[Question] Reproducibility and ordering of fields

amazon-ion / ion-go

A Go implementation of Amazon Ion.

https://amazon-ion.github.io/ion-docs/

Apache License 2.0

175 stars 31 forks source link

[Question] Reproducibility and ordering of fields #200

Closed ivanjaros closed 2 months ago

ivanjaros commented 2 months ago

JSON gives not guarantees for ordering of maps and objects, only arrays. This can cause non-reproducible outputs for storage and hashing purposes.

Since Ion is used in Amazon Quantum Ledger Database, I would expect ordering to be handled in a way that results in reproducible results.

Is that the case?

popematt commented 2 months ago

Ion defines equivalence in an ordering independent way, and the Ion Hash algorithm is order agnostic when it comes to struct fields.

When comparing results using the Ion data model, the results are always reproducible. The result of Ion Hash is always reproducible. So, QLDB guarantees reproducible results in that the results are equivalent (not identical).

The distinction between "identical" and "equivalent" is important here. Two serialized values may be equivalent but not identical because there are a variety of valid encodings for many values (e.g. 1.0 is equivalent to 10d-1). In memory (i.e. Ion data model objects) are agnostic of the serialized form, and direct comparison between them is effectively the same as checking for equivalence.
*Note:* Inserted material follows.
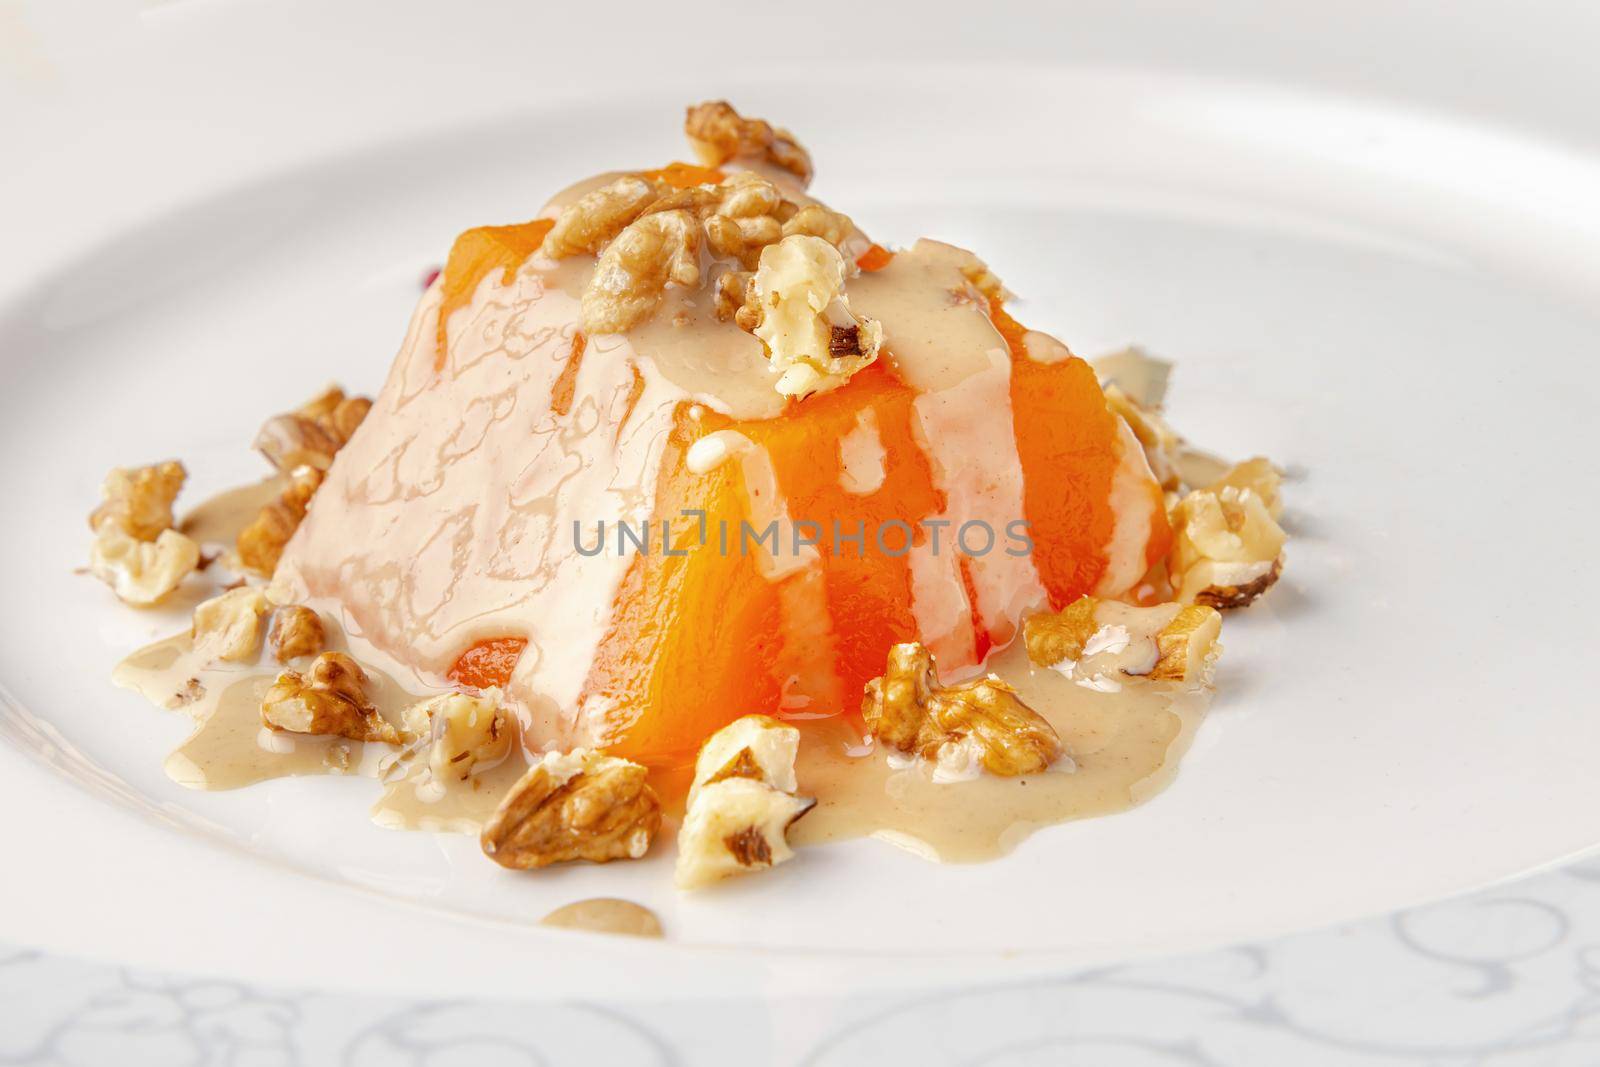 Traditional pumpkin dessert with tahini and walnuts on a white porcelain plate by Sonat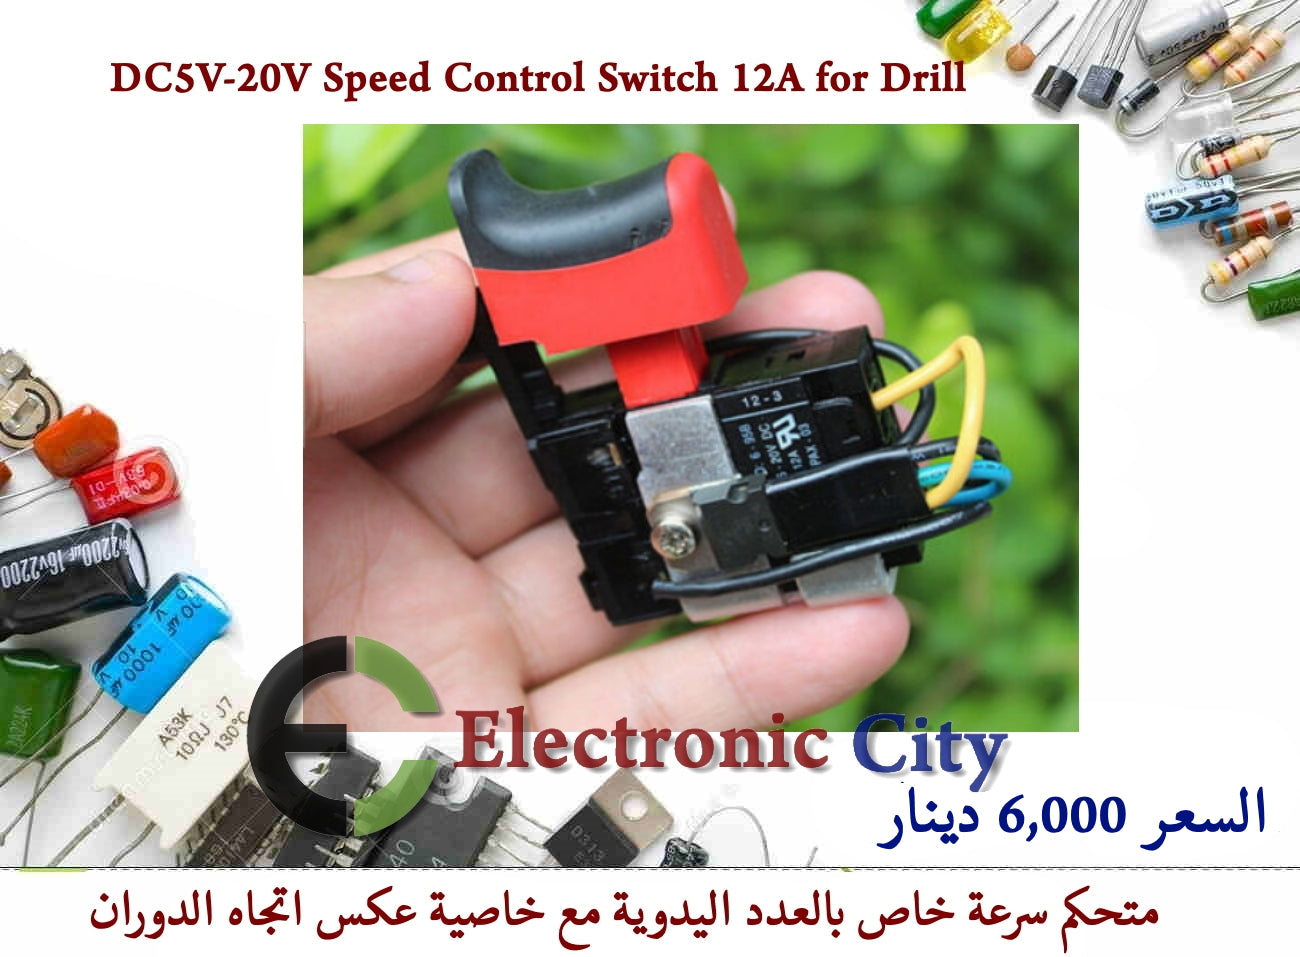 DC5V-20V Speed Control Switch 12A for Drill

ivanjaros commented 2 months ago

Hm, that is what I thought(since it states to be a subset of json). This is problematic for using ion, or json, as storage format because you cannot guarantee the hash of the content will match, even if no data has changed, only the language/interpreter that produces it.

Thanks for the confirmation.

popematt commented 2 months ago

This is problematic for using ion, or json, as storage format because you cannot guarantee the hash of the content will match, even if no data has changed, only the language/interpreter that produces it.

This is why we developed the Ion Hash algorithm that I mentioned. Using the Ion CLI, we can see, for example, how Ion Hash can produce a hash that is independent of the ordering of struct fields, whitespace, and the specific encoding of e.g. a decimal value.

$> echo "{foo:1.0,bar:2}" | ion -X hash sha-256
3272f0d8ca9c0252d0f218d516da65cff2129fff413d2c2a8ca8e7d9f13080c3

$> echo "{ bar: 2, foo: 10d-1 }" | ion -X hash sha-256
3272f0d8ca9c0252d0f218d516da65cff2129fff413d2c2a8ca8e7d9f13080c3

If you use the tooling developed for Ion, you can guarantee that the hash of the content will match.

ivanjaros commented 2 months ago

That is very good, but that also means it has to parse that data before hashing it which imposes significant performance penalty than merely hashing raw bytes.